Così il consigliere ha commentato l’approvazione, da parte del Consiglio regionale della Campania, della legge “Disposizioni per la tutela dei corpi idrici della Campania, per la valorizzazione integrata sostenibile dei bacini e sotto-bacini idrografici e la diffusione dei Contratti di fiume”, finalizzata alla tutela e alla gestione delle risorse idriche, alla valorizzazione dei territori del bacino idrografico mediante la riqualificazione ambientale e la rigenerazione socio-economica, unitamente alla salvaguardia dal rischio idraulico e contribuendo allo sviluppo locale delle aree interessate dai bacini idrografici.

Ridurre l’inquinamento delle acque e salvaguardare l’ambiente acquatico e degli ecosistemi ad esso connessi, questi gli obiettivi della nuova legge. Utilizzo sostenibile delle risorse idriche, riqualificazione e valorizzazione dei sistemi ambientali e paesistici afferenti ai corpi idrici, al fine di migliorare la fruizione turistico-ambientale dei contesti territoriali interessati e la condivisione delle informazioni e della cultura dell’acqua.
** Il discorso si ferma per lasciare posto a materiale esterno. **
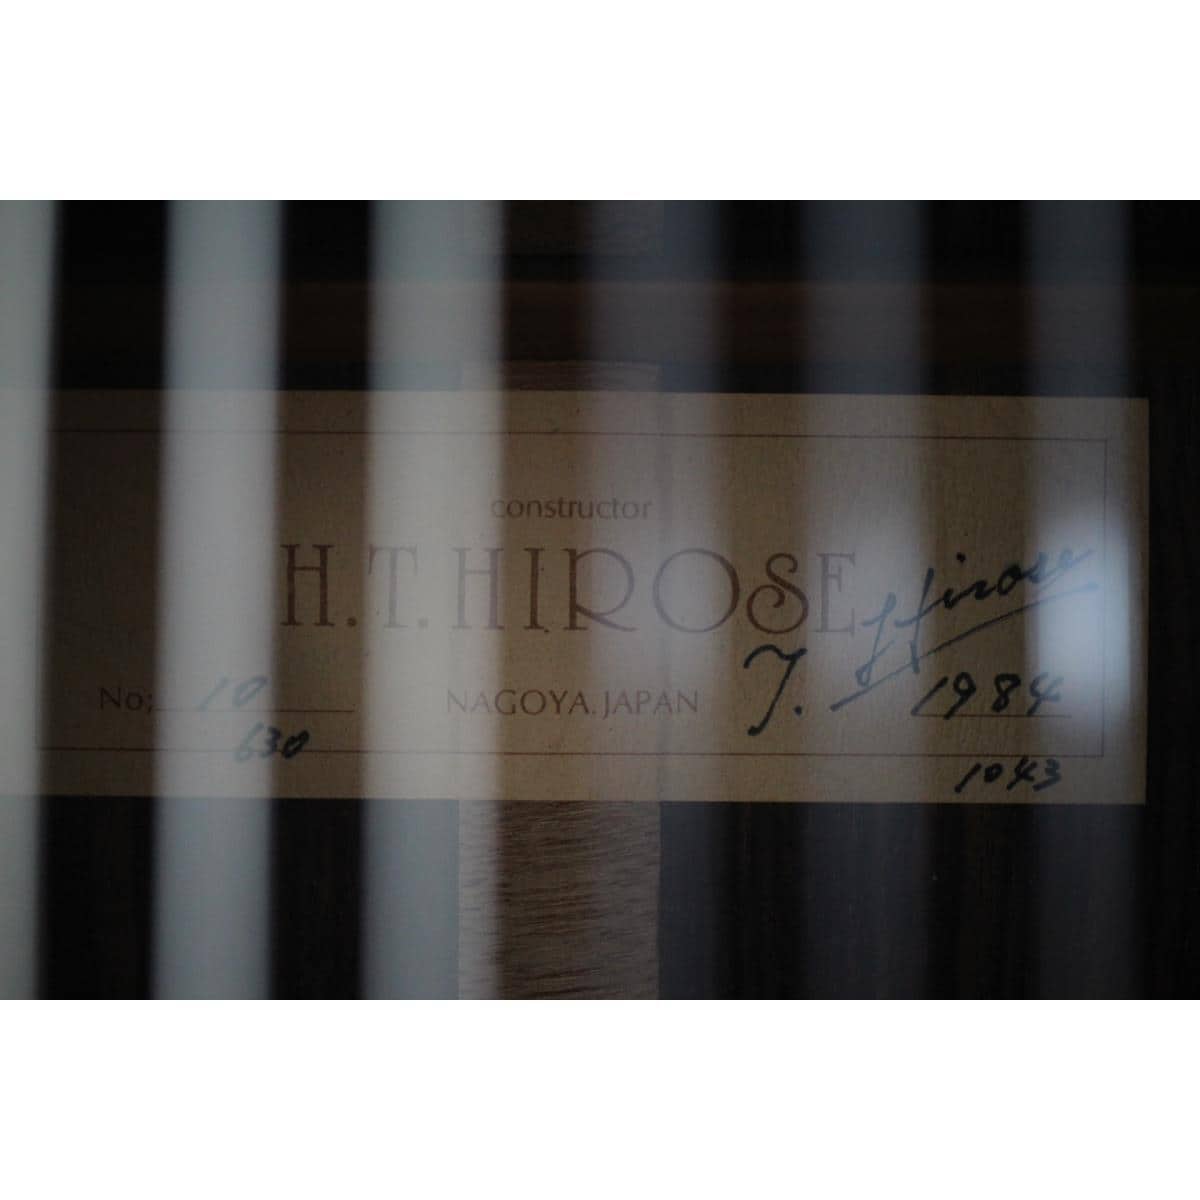 H. T. HIROSE NO. 10

La costituzione di un Contratto di Fiume necessita di una fase di start up individuabile in un percorso partecipato attinente la fase di Ascolto, la fase di Confronto di Idee e Scenari, la fase di Elaborazione Azioni-interventi e il documento condiviso di proposte progettuali. Con questa legge potranno essere attivate iniziative di bonifica e recupero delle sponde fluviali e la valorizzazione delle aree di interesse storico, artistico ed ambientale.